Art and visual perception by Rudolf Arnheim
A Psychology of the Creative Eye.
[A
great book on study of arts - explains how the eye organizes visual
material according to definite psychological laws. There so much to take
notes from this book and hence I am writing down couple of them]
Any stimulus pattern tends to be seen in such a way that the resulting structure is as simple as the given conditions permit.
In
an absolute sense, a folks song is simpler than a symphony and a
child’s drawing is simpler than a painting by Tiepolo. But we must also
consider relative simplicity which applied to every complexity level.
Compositions by adults are rarely as simple as the conceptions of
children; when they are we tend to doubt the maturity of the maker. This
is because the human brain is the most complex mechanism in nature and
when a person fashions a statement that is to be worthy of him, he must
make it rich enough to reflect the richness of his mind. Simple objects
may please and satisfy us by serving limited functions appropriately,
but all true works of art are quite complex even when look ‘simple’.
Great
works of art are complex, but we also praise them for “having
simplicity’, by which we mean that they organize a wealth of meaning and
form in an overall structure that clearly defines the place and
function of every detail in whole. This way of organizing a needed
structure in the simplest way may be called its orderliness.
Appearance
of any part depends, to a greater or lesser extent, on the structure of
the whole, and the whole in turn is influenced by the nature of its
parts. If they carried too much expression of their own, they would have
marred the unity of the whole work. This is why dancers, who speak
through their bodies, often wear deliberately blank facial expressions;
and it is why Picasso, after experimenting with sketches of rather
complex hands and figures for his Guernica, made them much simpler in
the final work.
At
the first stage of the first dimension, spatial conception is limited
to a linear track. There is no specification of shape. A
two-dimensional conception brings two great enrichments. First, it
offers extension in space and therefore the varieties if size and shape:
Second, it adds to mere distance the differences in direction and
orientation. Three-dimensional space, finally, offers complete freedom:
shape extending in any perceivable direction, unlimited arrangements of
objects, and the totally mobility of a swallow. Beyond these three
spatial dimensions visual imagery cannot reach; the range can be
extended only by intellectual construction.
In
colors, red and green, being of equal intensity, divided retinal
activity into equal halves, whereas yellow and violet were produced by a
ratio of three to one and orange and blue in the ratio of two to one.
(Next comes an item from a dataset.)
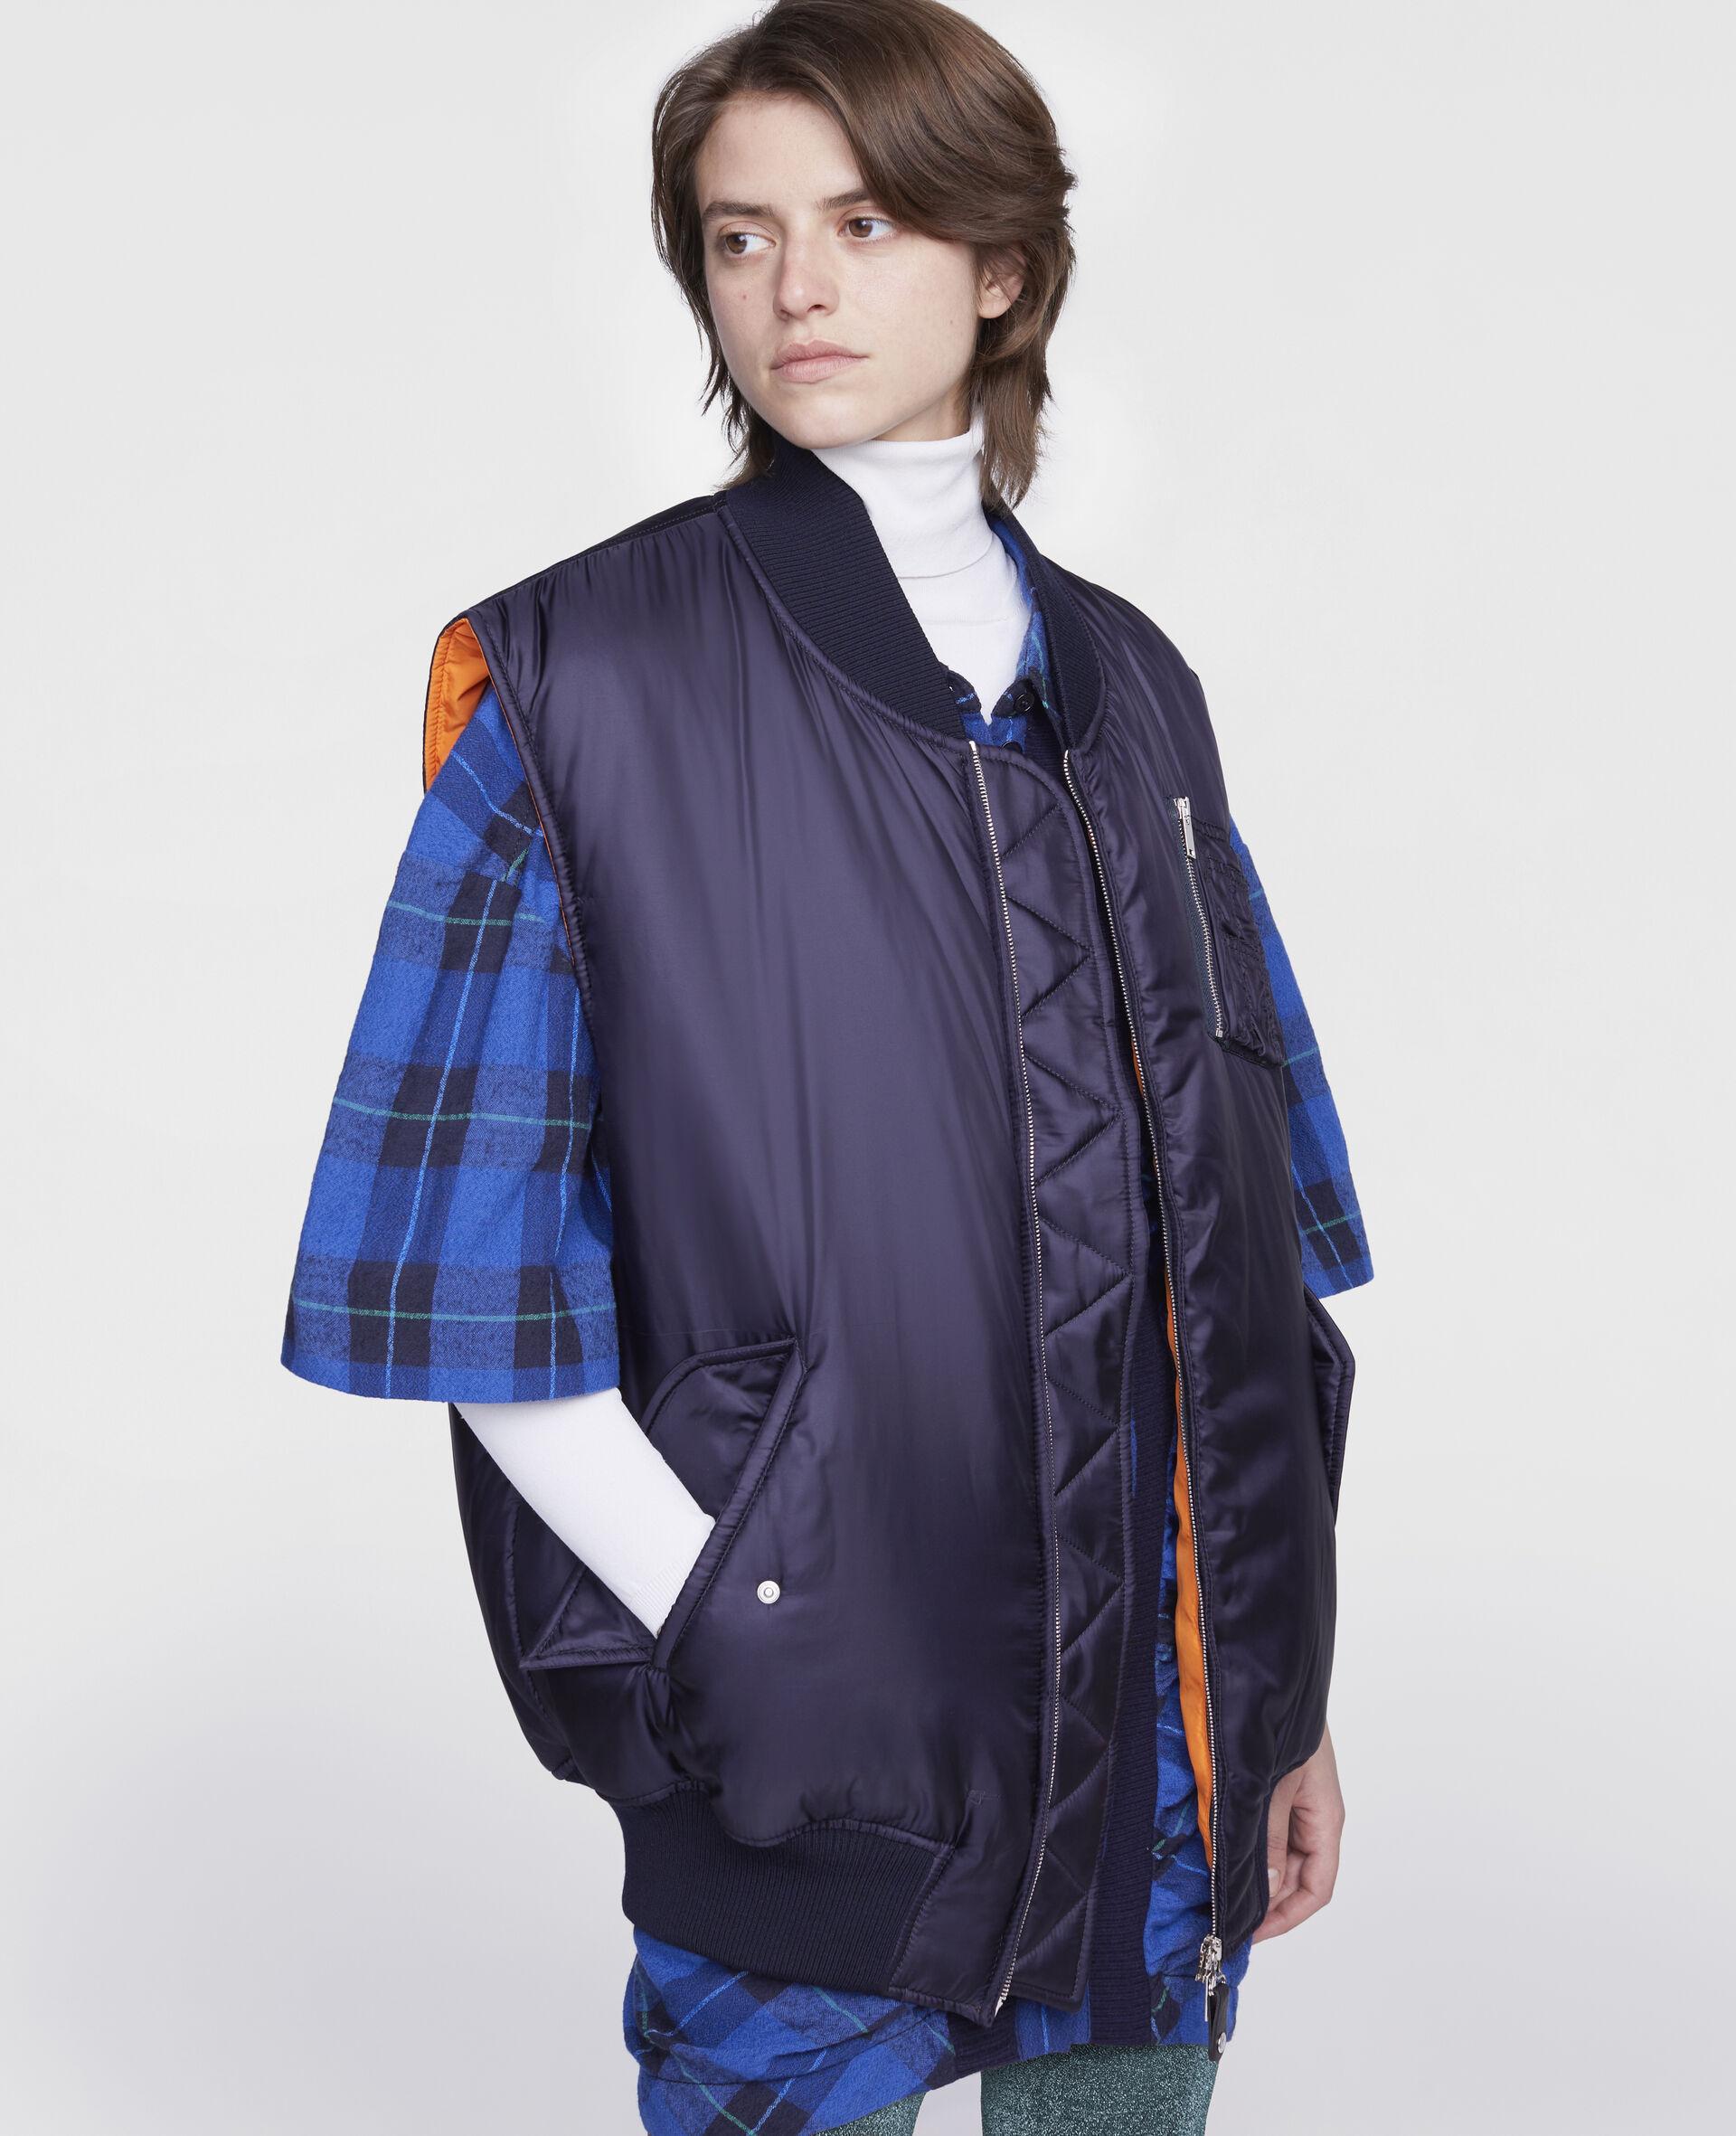 Madora Sleeveless Jacket-Blue-large image number 3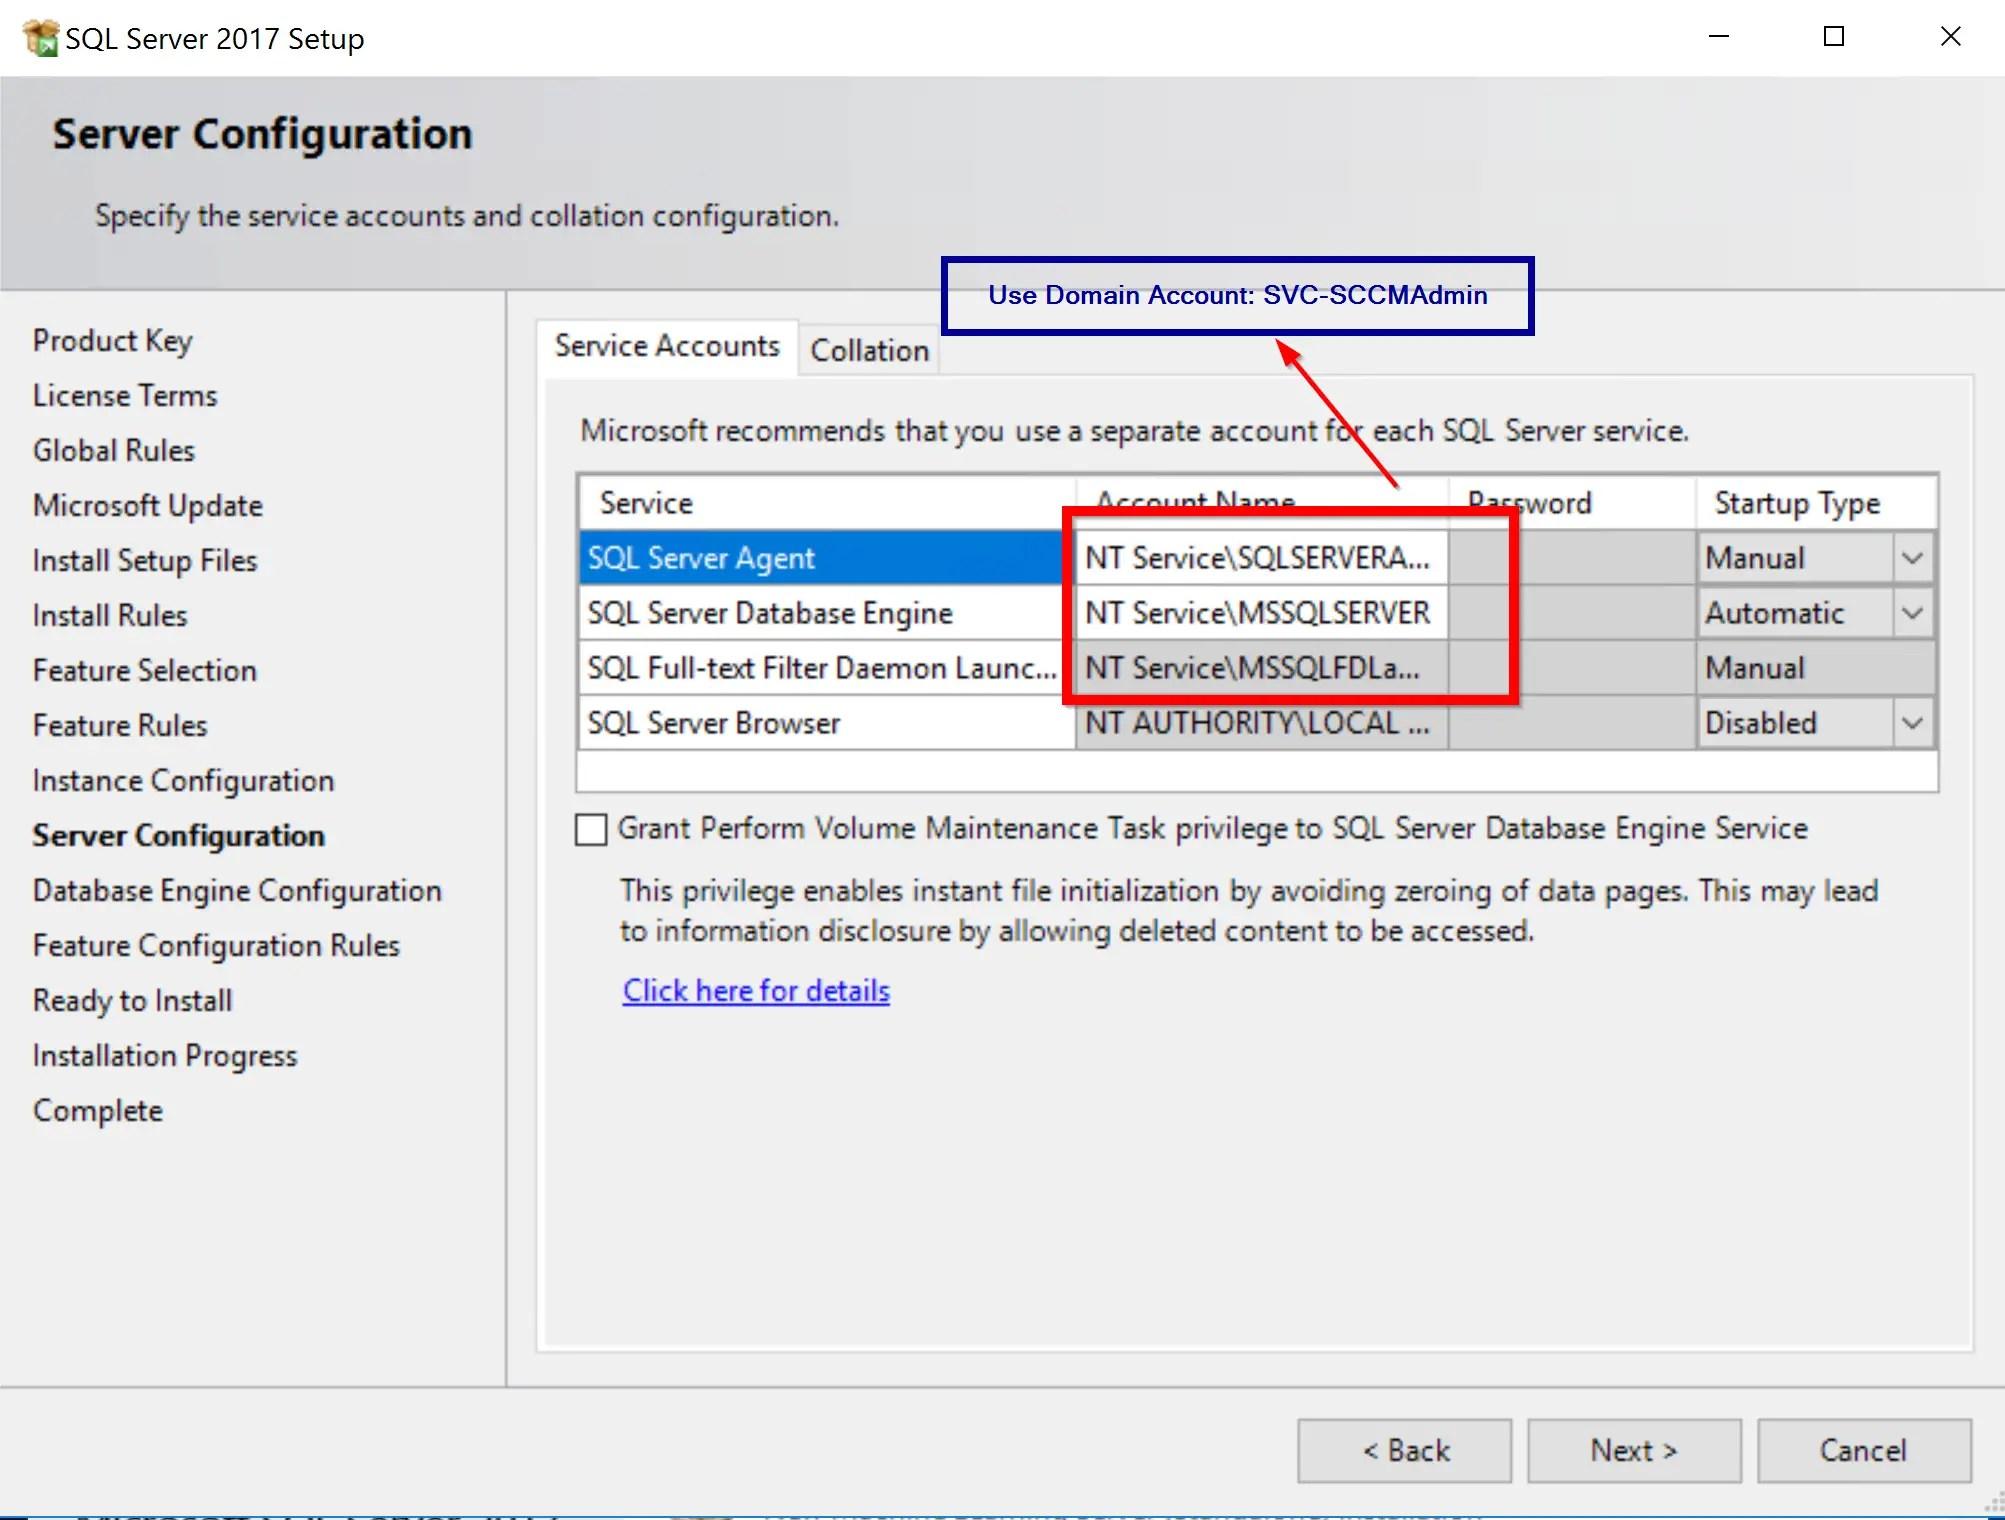 SQL Server 2017 Step by step for SCCM Installation 9

(Green & Red -1/2; Blue (1/3)& orange(2/3), violet(1/4)&
yellow(3/4), black(0) & white(1))
A
motion is the strongest visual appeal to attention. Motion implies a
change in the conditions of the environment, and change may require
reaction. The three variables of the later system are qualitative:
space refers to the path of the movement, which may be straight and
direct or flexible and indirect; Force indicates the difference between
vigorous strength and delicate weightlessness; Time distinguishes
between slow lingering and a sudden start. In conceiving of his or her
activities from the outside but by understanding the impulses that
produce the desired effect. What a dancer or actor wishes to obtain is
not like the sign language of a semaphore transmitting its coded message
to the intellect of the recipient by gesticulation. It is rather a
pattern of visual forces, whose impact is immediately felt.
Since,
however to speak of movement is obviously metaphorical when one refers
to painting, sculpture, architecture, or photography, where nothing
moves physically, what precisely is the nature of the visual phenomenon
thus desired? The one theory prevalent among philosophers and
psychologists avoids the challenge by asserting that in such cases the
observer is under the illusion that actual locomotion is taking place or
more subtly but less clearly that the image feels as though it were in
motion – perhaps because the viewer generates within his own body
appropriate kinesthetic reactions. This latter theory can be found in
Hermann Rorschach’s discussion of movement response to his inkblots.